Reputation: 25
I am doing an external exercise where I have a set of data of customers' purchases.
I have the following columns: customer_id
, date
, gender
, value
(purchase value). One part of the exercise is to create a new column named most_recent_order_date
. How should I go about accomplishing this?
I tried
df['most_recent_order_date']=df.sort_values('customer_id',ascending=False)['date']

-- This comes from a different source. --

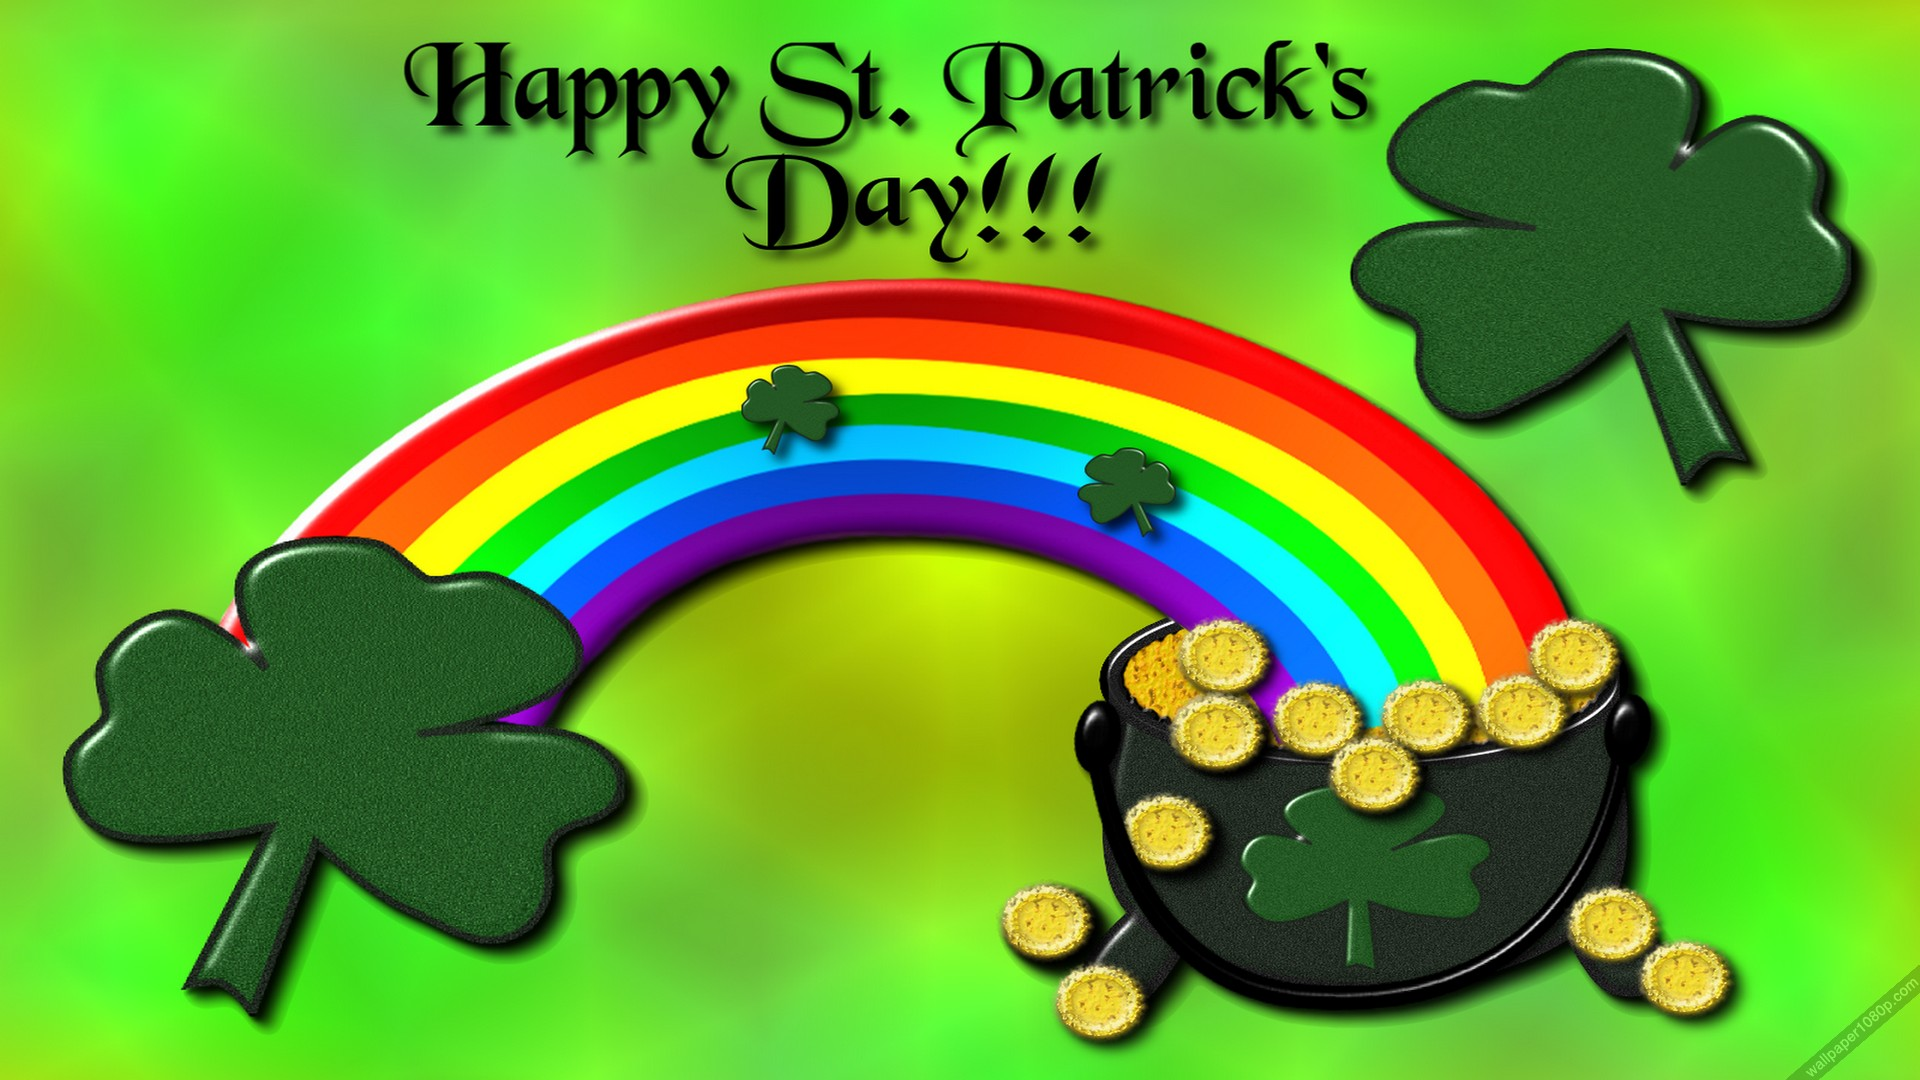 St Patricks Day Desktop Background wallpaper St Patricks Day 1920x1080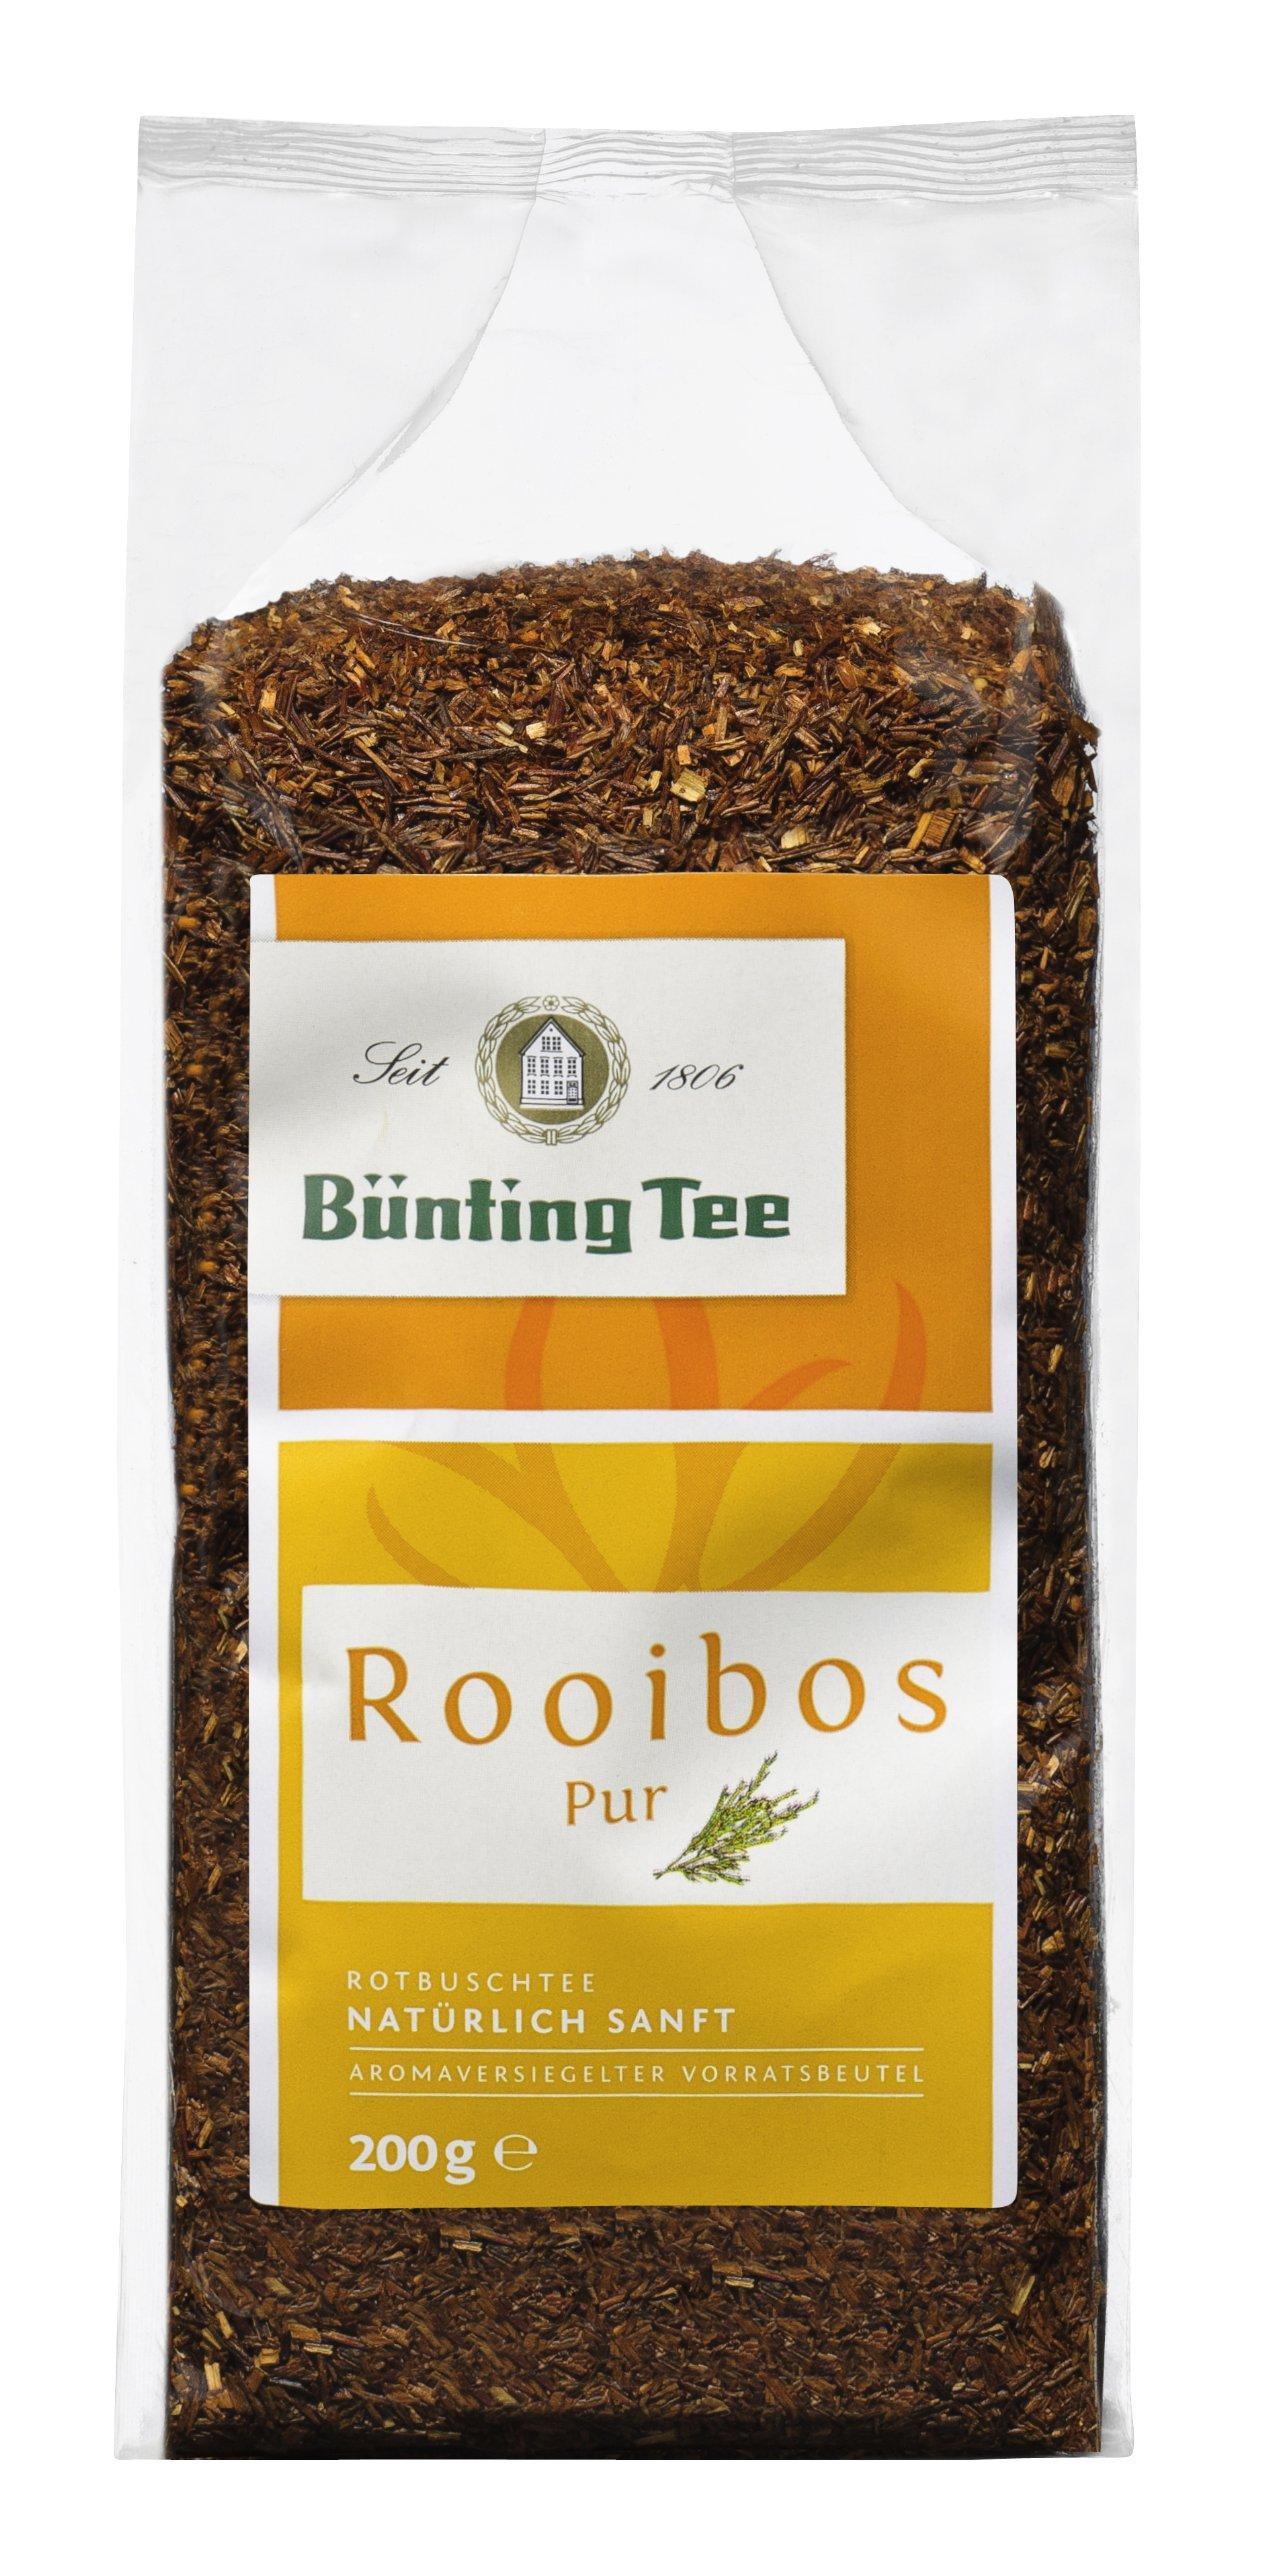 Bnting-Tee-Rooibos-Pur-200g

but this only returns the dates of all purchases in ascending order. I need it to be customer_id
specific since a customer_id
might have multiple purchases.
Another part of the exercise is to create a order_count
column which is what the last column is.
data= pd.read_csv('screening_exercise_orders_v201810.csv')
df=pd.DataFrame(data)
df['most_recent_order_date']= 'default value'
df['order_count']= 'default value'
df['date'] = pd.to_datetime(df['date'])
df['most_recent_order_date']=df.sort_values('customer_id',ascending=False)['date']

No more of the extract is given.